Selanjutnya, sekitar pukul 17.10 WITA, pihak RSUD Abdul Rivai kembali menerima dua korban meninggal lainnya. Keduanya adalah anak yang masih balita yakni NJ (5) dan NS (4).

“Kedua anak tersebut langsung dibawa ke kamar jenazah untuk dilakukan pemeriksaan visum dan pemulasaran,” ujarnya.

Polisi Periksa Kejiwaan Julius

Usai kejadian tragis itu, Polres Berau memeriksa kejiwaan Julius, tersangka pembunuhan istri dan anaknya di RSUD Abdul Rivai.

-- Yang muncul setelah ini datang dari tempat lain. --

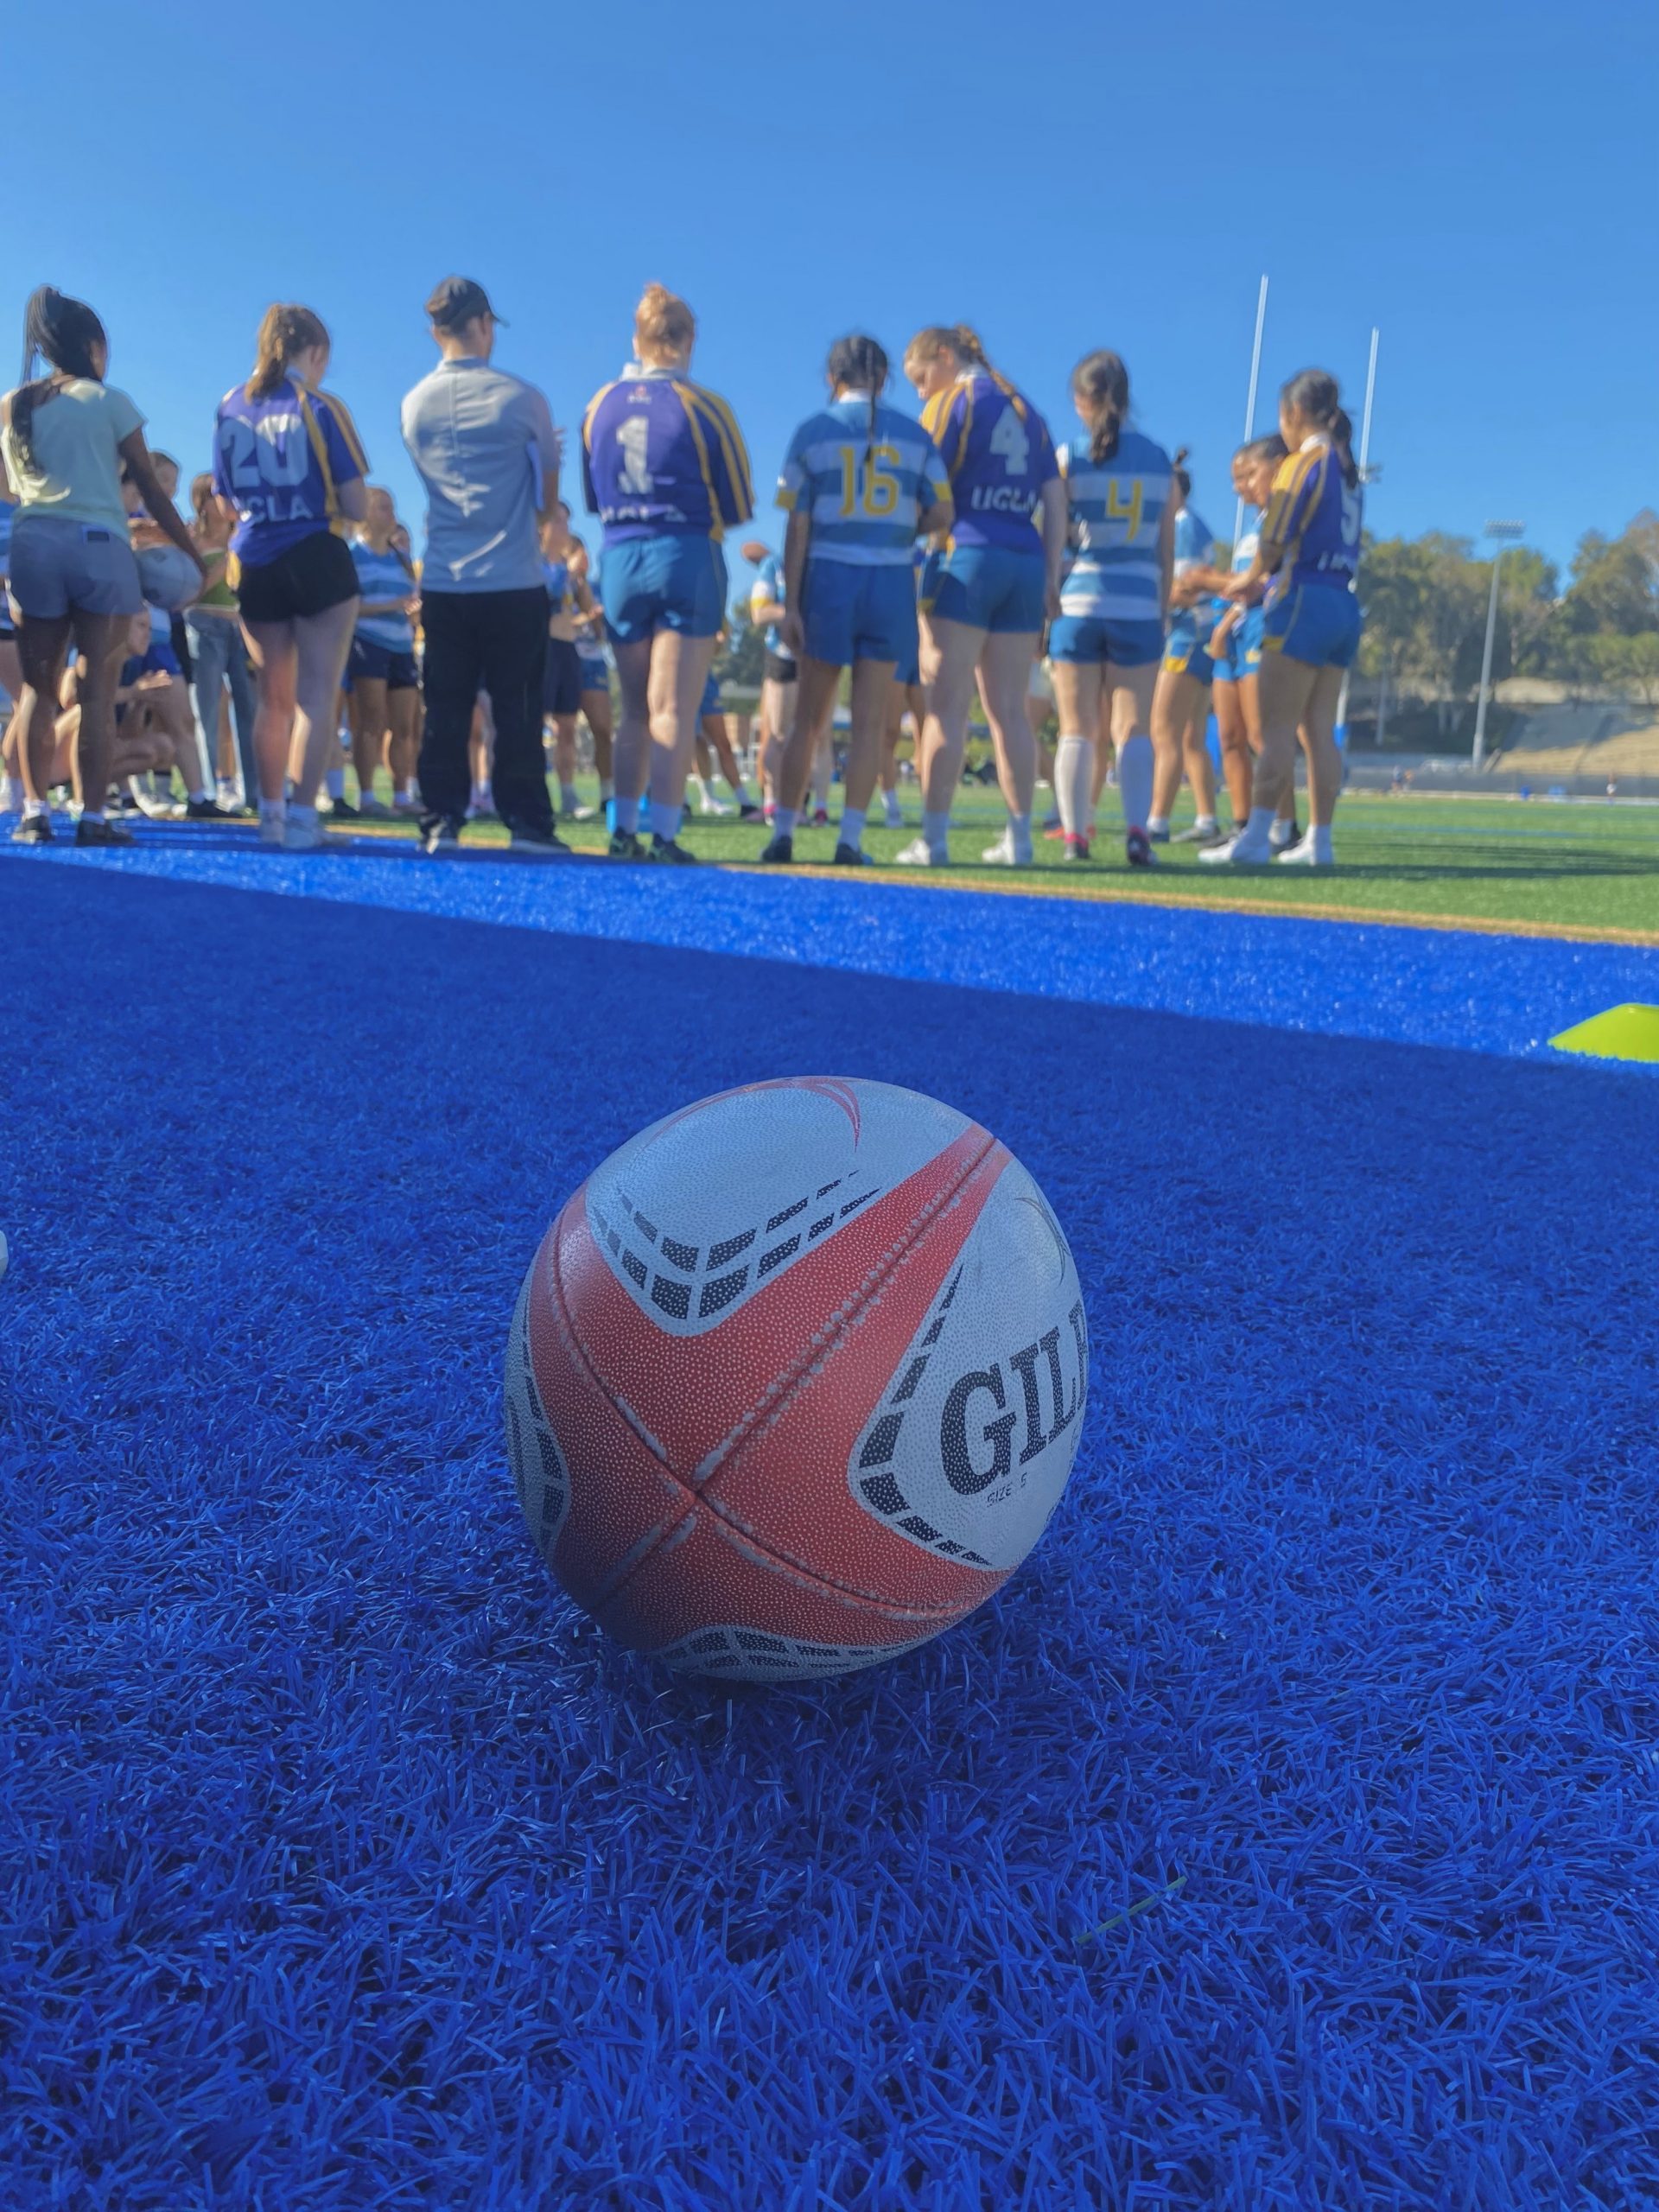 A photograph of a white and orange rugby ball on blue artificial turf. In the background are UCLA rugby players.
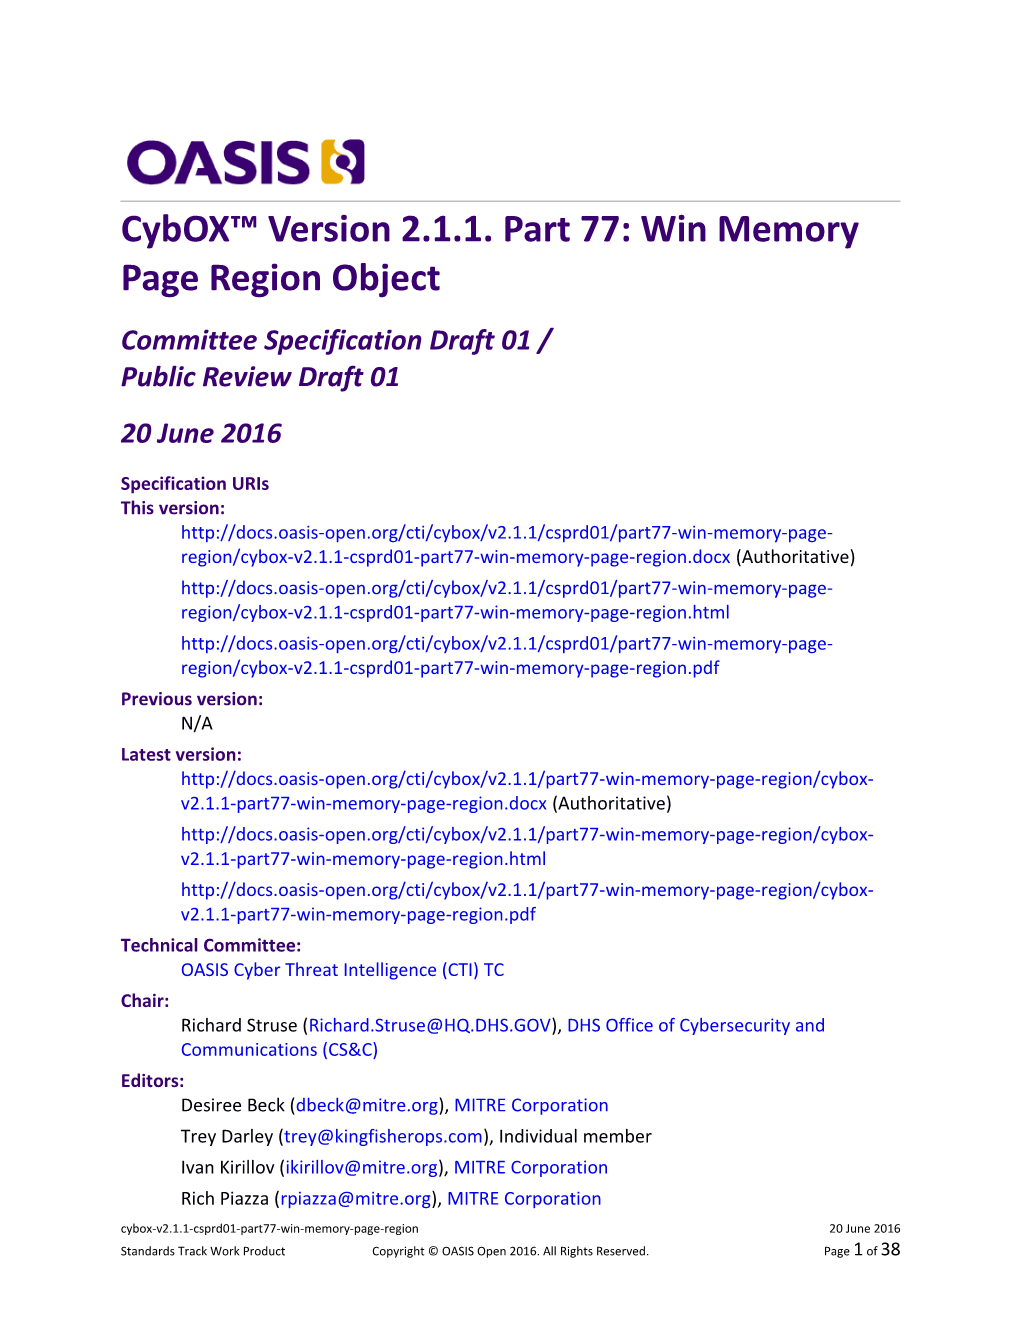 Cybox Version 2.1.1. Part 77: Win Memory Page Region Object

Diduga, Julius mengalami gangguan mental hingga harus diperiksa kejiwaannya.

“Sekarang tersangka dirawat di rumah sakit. Kemungkinan sekaligus diperiksa juga kejiwaannya,” kata Kasi Humas Polres Berau, AKP Ngatijan pada Senin (11/8/2025) lalu.

Hanya saja, pihak kepolisian masih kesulitan mengorek keterangan dari Julius, karena jawaban yang diberikan tidak jelas.

Polres Berau membawa Julius ke RSUD Abdul Rivai untuk memeriksakan kesehatan dan kejiwaannya.

“Belum bisa, karena jawabannya selalu tidak nyambung dan aneh. Jadi sementara dititipkan di rumah sakit untuk dirawat,” paparnya.

Ketika ditanya, apakah ada informasi bahwa tersangka sebelumnya pernah mengalami gangguan kejiwaan.

AKP Ngatijan menjelaskan, dari kesaksian warga setempat, tersangka belum pernah diketahui mengalami gangguan mental.

“Kalau informasi dari warga setempat, tersangka ini hanya memiliki sikap temperamen. Karena masalah kecil, bisa memicu amarahnya. Tapi kalau untuk gangguan kejiwaan belum pernah diketahui sebelumnya,” ujarnya.